Cuando la revolución se afianzó, los manifestantes invadieron la prisión. Luego el gobierno islámico de Irán comenzó a usarlo también como prisión, llamándolo Tohid. Human Rights Watch ha acusado a Irán de utilizar las prisiones de Tohid y Evin para detener a presos políticos. Tohid, entonces dirigido por el Ministerio de Inteligencia de Irán, cerró en 2000 bajo el presidente reformista Mohammad Khatami después de que los legisladores intentaran cerrar prisiones que no estaban bajo el control del poder judicial.

Hoy en día, el gobierno de Irán se enfrenta a críticas internacionales generalizadas de la ONU y otros por su detención de activistas y personas con vínculos con Occidente.

“Las autoridades iraníes utilizan cargos vagamente redactados y excesivamente amplios relacionados con la seguridad nacional para criminalizar actividades pacíficas o legítimas en defensa de los derechos humanos”, según un informe publicado en marzo de 2018 por la oficina del relator especial de la ONU sobre los derechos humanos en Irán.

Irán ha criticado la creación de la posición del relator especial por parte de la ONU y ha calificado sus conclusiones de “presiones psicológicas y propagandistas”.”

Una serie de occidentales, incluido el periodista del Washington Post Jason Rezaian, fueron detenidos en la prisión de Evin. Rezaian está demandando a Irán en estados UNIDOS tribunal federal sobre su detención, alegando que se enfrentó a tal ” maltrato físico y abuso psicológico severo en la prisión de Evin que nunca volverá a ser el mismo.”

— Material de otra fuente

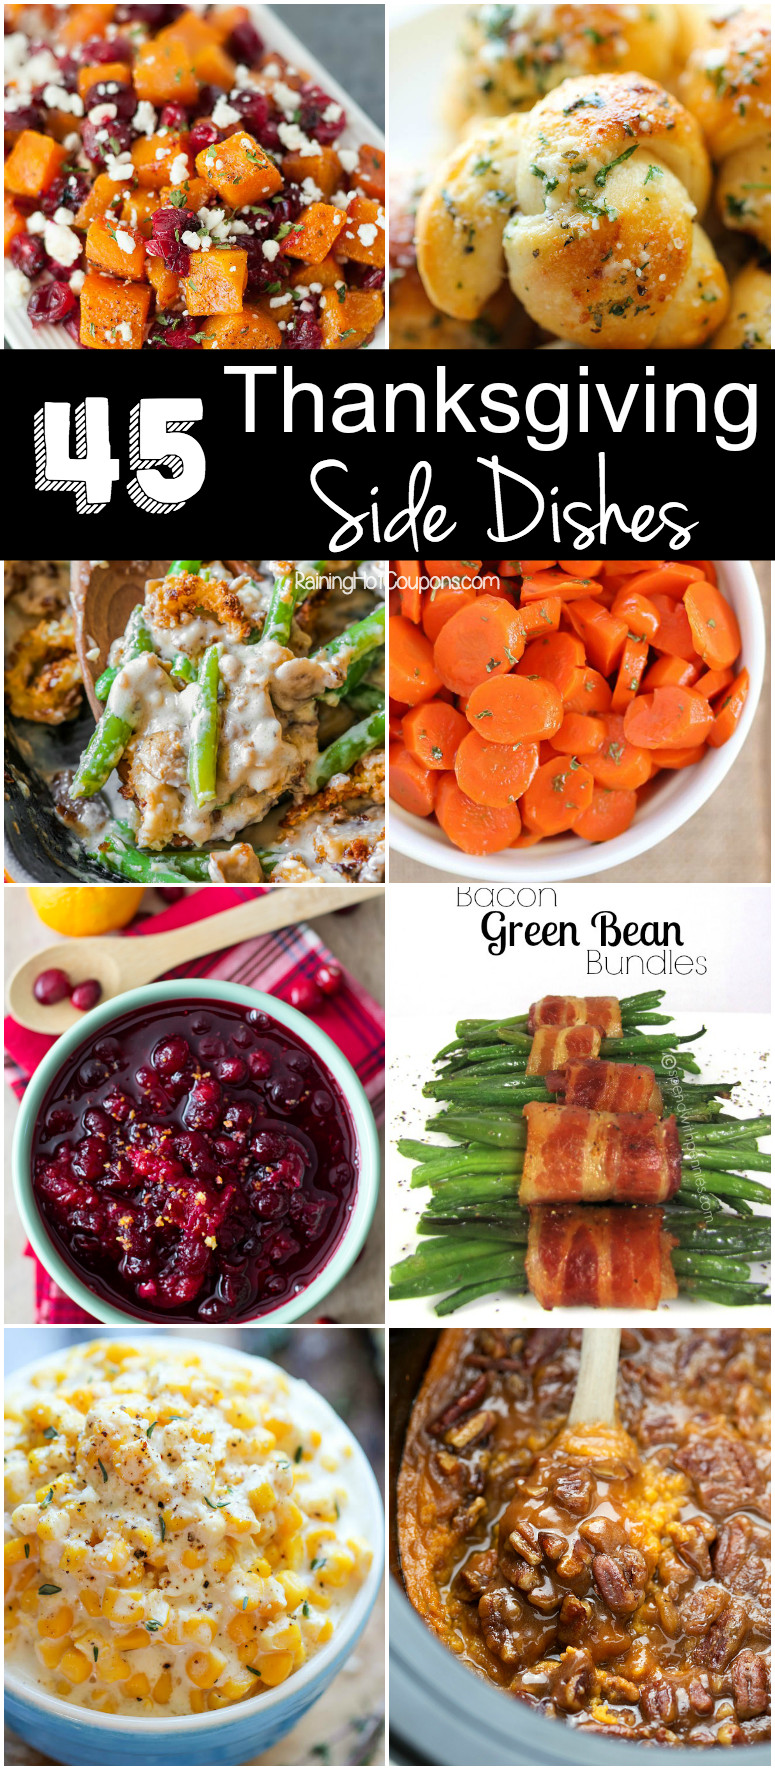 The Best Thanksgiving Side Dishes
 45 Thanksgiving Side Dishes

Desde la revolución, varias antiguas prisiones de la época del sha han cerrado, convirtiéndose en museos y centros comerciales, aunque se construyeron otros nuevos. Un ex alcalde de Teherán incluso planeó hacer de la prisión de Evin un parque en un momento dado. Sin embargo, la financiación nunca llegó, y el sitio sigue siendo una prisión hoy en día.

Gambrell informó desde Dubai, Emiratos Árabes Unidos. El productor de televisión de Associated Press, Mohammad Nasiri, contribuyó.

Deja una respuesta

Tu dirección de correo electrónico no será publicada.